For good reason, the use of ALJs has long been criticized by the financial services community. Data from when the SEC began bringing larger cases before ALJs showed that the SEC won 90% of cases in ALJ in-house actions, compared to just 69% of its cases in federal Court.[9] Although the SEC has had high-profile losses before ALJs – including one case handled by our firm – the SEC has generally done better in ALJ in-house actions than in federal court.

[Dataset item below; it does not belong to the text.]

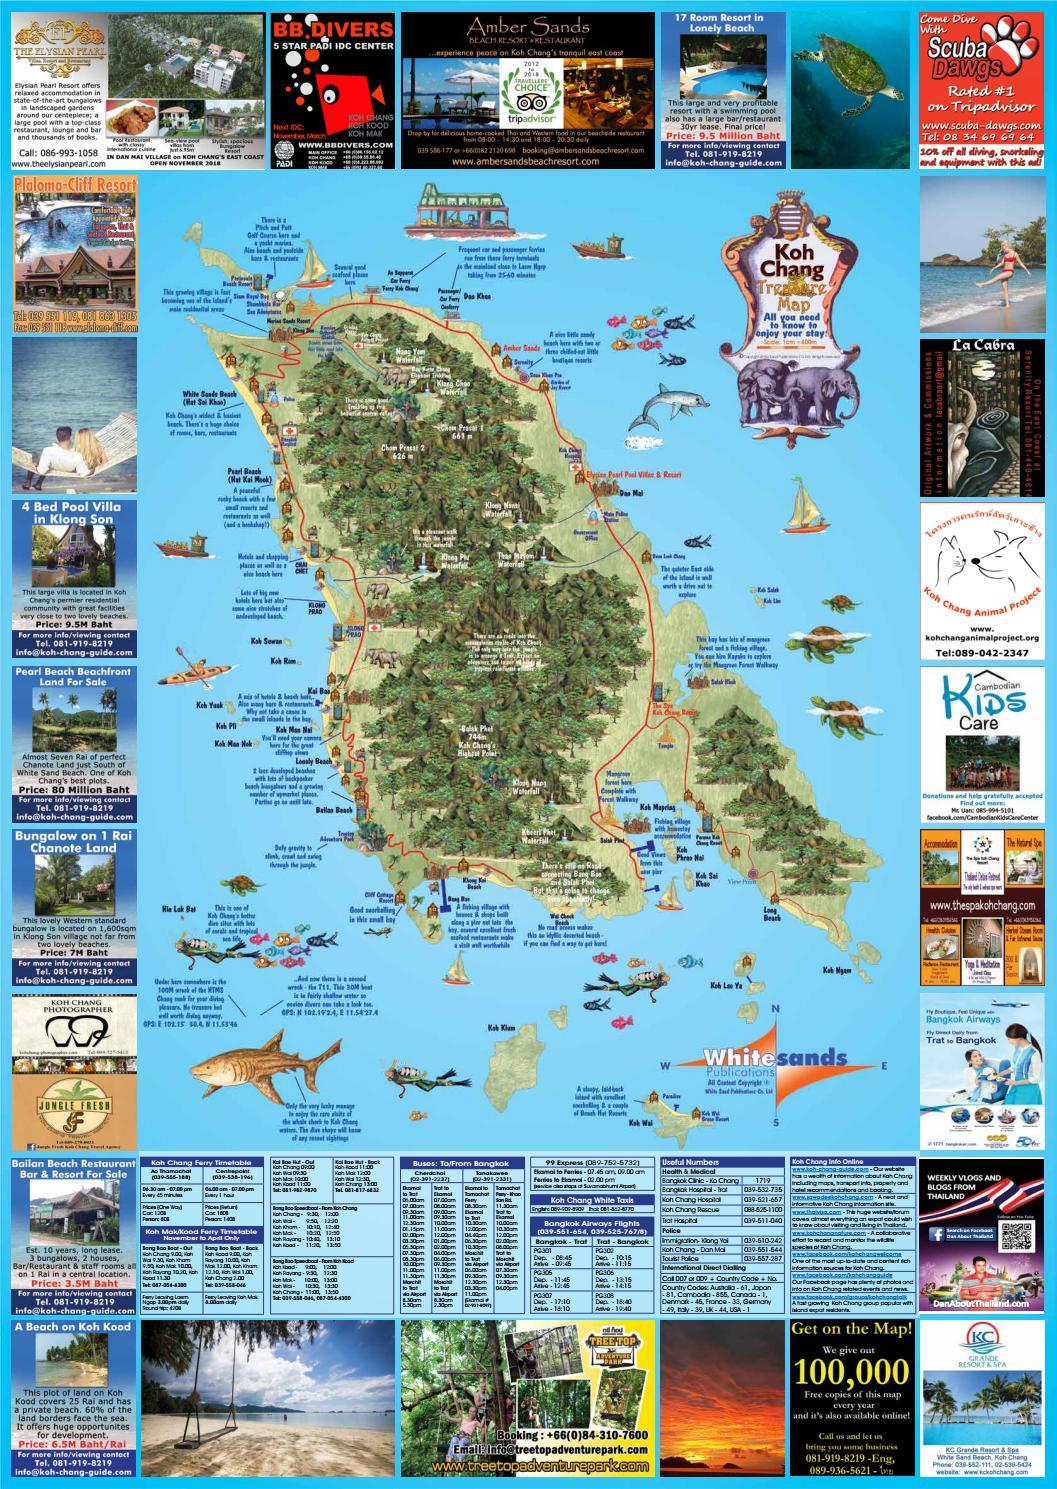 Koh Chang Treasure Map October 2018 by The Koh Chang Guide
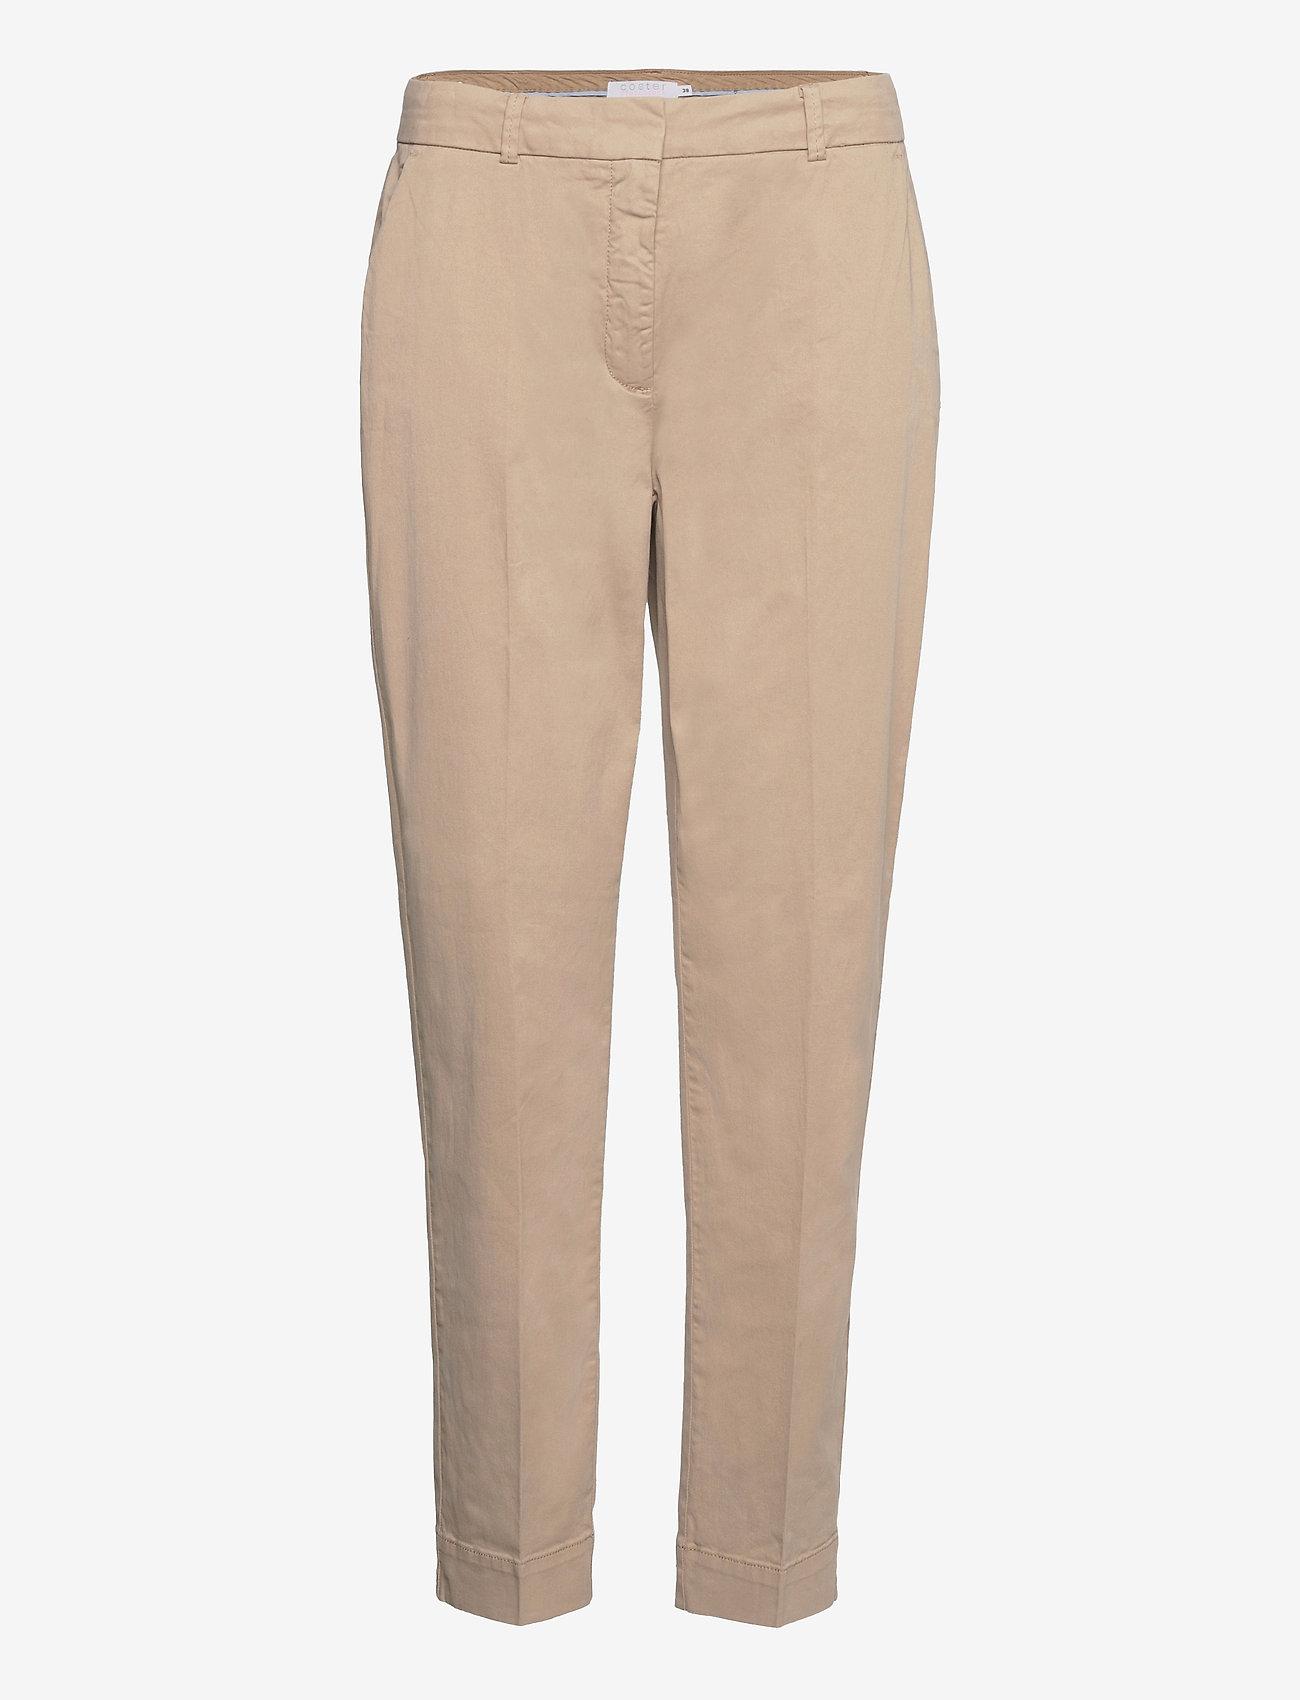 Coster Copenhagen - Chino pants w. press fold and paspe - chinos - khaki - 0

What remains to be seen is whether the Jarkesy decision will cause the SEC not to use ALJ in-house courts for securities fraud cases that only seek disgorgement (return of profits) and/or a bar from the securities industry. But because the SEC typically seeks civil penalties when seeking such other remedies, the Jarkesy ruling will significantly limit the SEC’s use of ALJ proceedings for securities fraud cases going forward. The loss of home-court advantage in securities fraud cases seeking civil penalties, coupled with the additional costs and uncertainties associated with a jury trial, will likely change the SEC’s calculus regarding prosecution and settlement of these types of claims.
Sadis & Goldberg specializes in counseling fund advisors and litigating on their behalf. We are available to discuss all matters related to fund formation, management, and litigation, including SEC enforcement actions. If you have any questions about the Jarkesy decision, an SEC enforcement action, or any related issue, please contact Douglas Hirsch (dhirsch@sadis.com), Sam Lieberman (slieberman@sadis.com), or Frank Restagno (frestagno@sadis.com).
[1] 2024 WL 3187811, at *7 (quoting Dimick v. Schiedt, 293 U.S. 474, 486 (1935)).
[4]Id. at *14. A concurring opinion by Justices Gorsuch and Thomas extended the analysis to include the Fifth Amendment’s Due Process clause, and added, among other things, that agency proceedings, unlike Article III trials, include no general right to discovery, looser rules of evidence, and accelerated trial schedules that compress the time to adjudicate complex issues. Id. at 18-19 (Gorsuch, J., concurring).
[5]Id. at *36 (Sotomayor, J., dissenting) (internal quotation marks omitted).